The Honourable John Beverley Robinson, (Speaker of this House), the Honourable and Venerable the Archdeacon of York, and the Honourable Messieurs Joseph Wells and George H. Markland, have leave to attend the Select Committee of the Commons House of Assembly, as desired by that House, in their Message received this day, if they think fit.

LEGISLATIVE COUNCIL CHAMBER,

19th November, 1832.

JOHN B. ROBINSON,

Speaker.

Agreeably to the Order of the Day, the Petition of Mr. A. Chisholm, J. P., and seventynine others of the County of Glengarry, praying that the Clergy Reserves be appropriated to the promotion of Education in Common Schools; that the moneys arising from Clergy Reserves in the County of Glengarry, since 25th January, 1832, be paid into the hands of the ReceiverGeneral, for, and towards the redemption of the public debt, and that the interest henceforth accruing, be remitted annually to the Treasurer of the Eastern District, for the use of the Common Schools in Glengarry was read.

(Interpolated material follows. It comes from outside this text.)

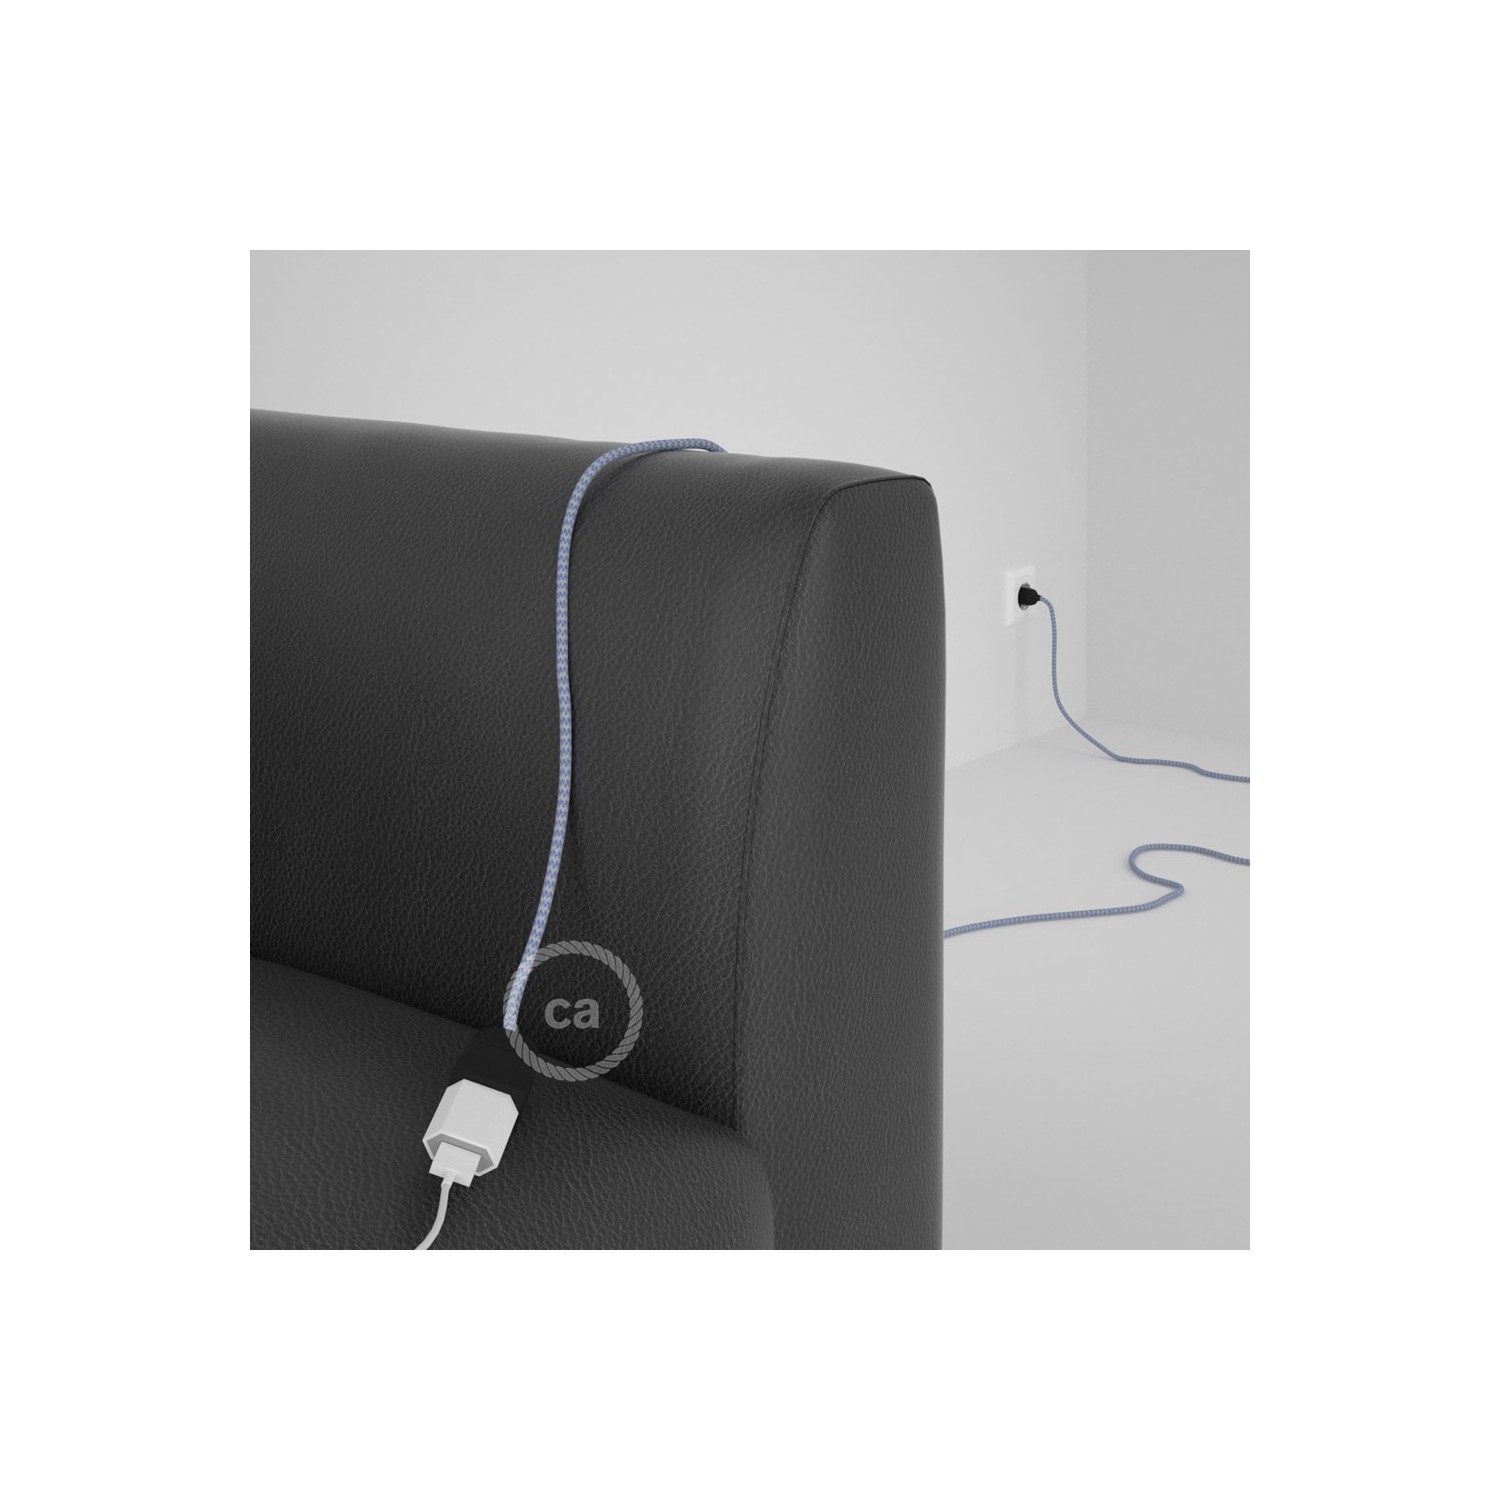 Rallonge électrique avec câble textile RZ07 Effet Soie ZigZag Blanc-Lilas 2P 10A Made in Italy.
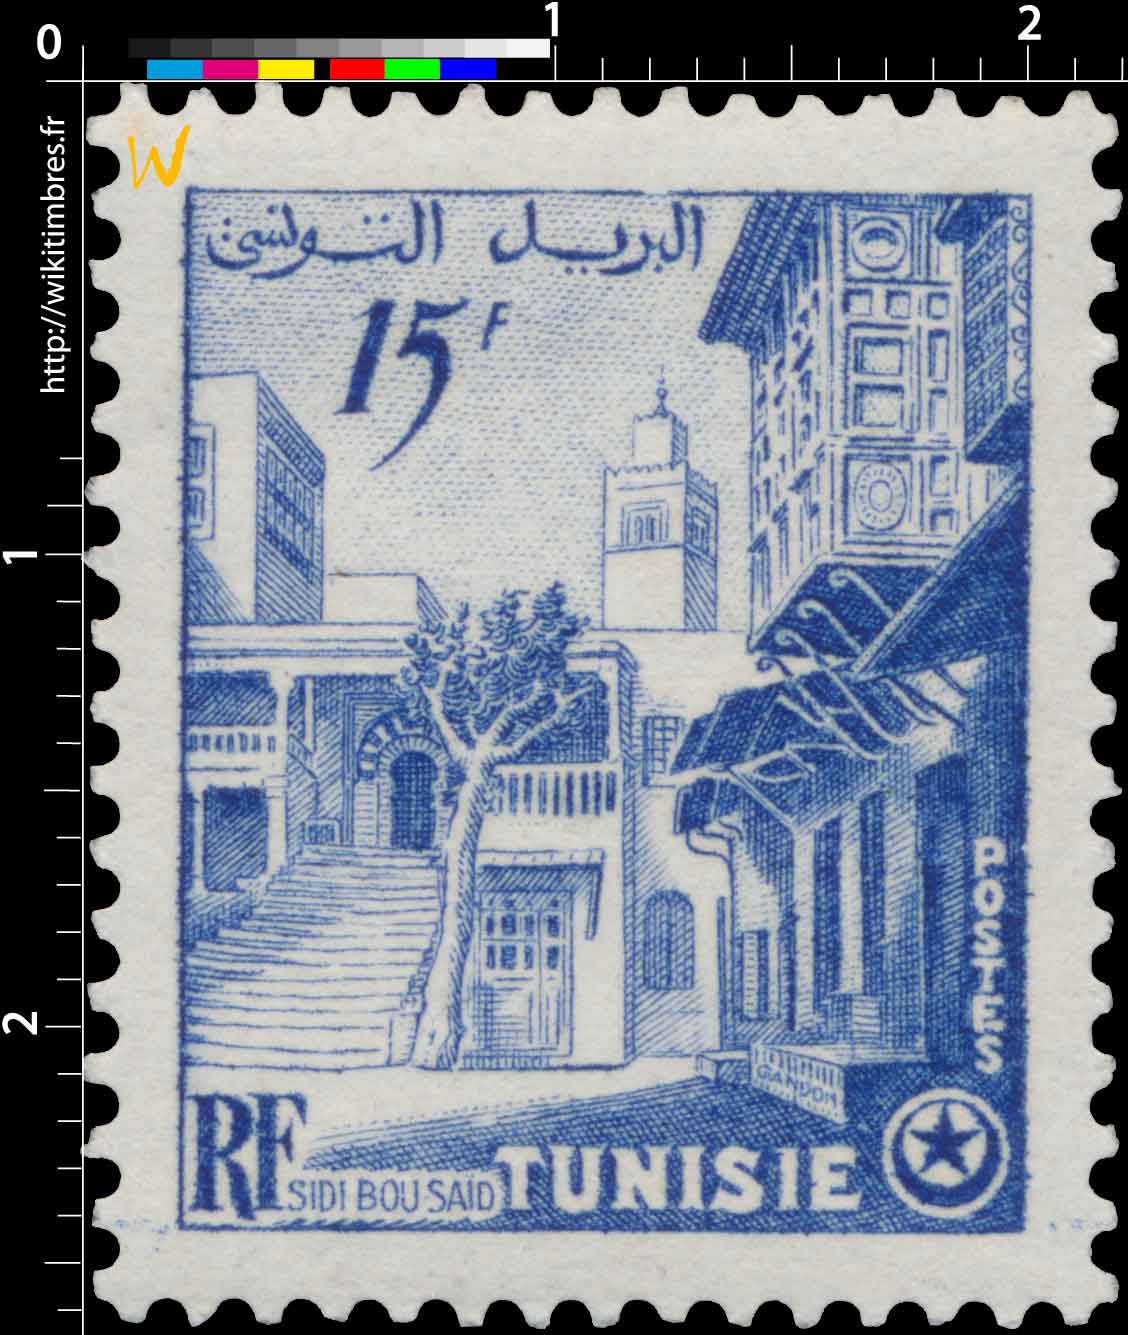 Tunisie - Sidi-Bou-Saïd

Mr. Mahlon Burwell, from the Select Committee on the subject of Education, informed the House that the Committee had agreed to the First Report, and the draft of a Bill, both of which he was ready to submit whenever the House would be pleased to receive the same. Report was received and was read as follows:

The

FIRST REPORT OF SELECT COMMITTEE OF THE HOUSE OF ASSEMBLY ON EDUCATION, 1832.

To the Honourable the Speaker of the Commons House of Assembly :

The Committee to which was referred the subject of Education and the School Lands, in discharge of their duty, and the view of devising such means as, in their opinion, will tend to promote the general instruction of youth, and children of the Province, upon such a system as may be satisfactory to all classes of their fellow subjects in Upper.Canada.

That, on entering upon the subject of their inquiry, they were forcibly struck with the uniform anxiety which has been manifested at all times by the Legislature and Provincial authorities for the establishment of a University.

It formed part of the prayer of both Houses of the Upper Canada Legislature, in their Address to the King in 1797.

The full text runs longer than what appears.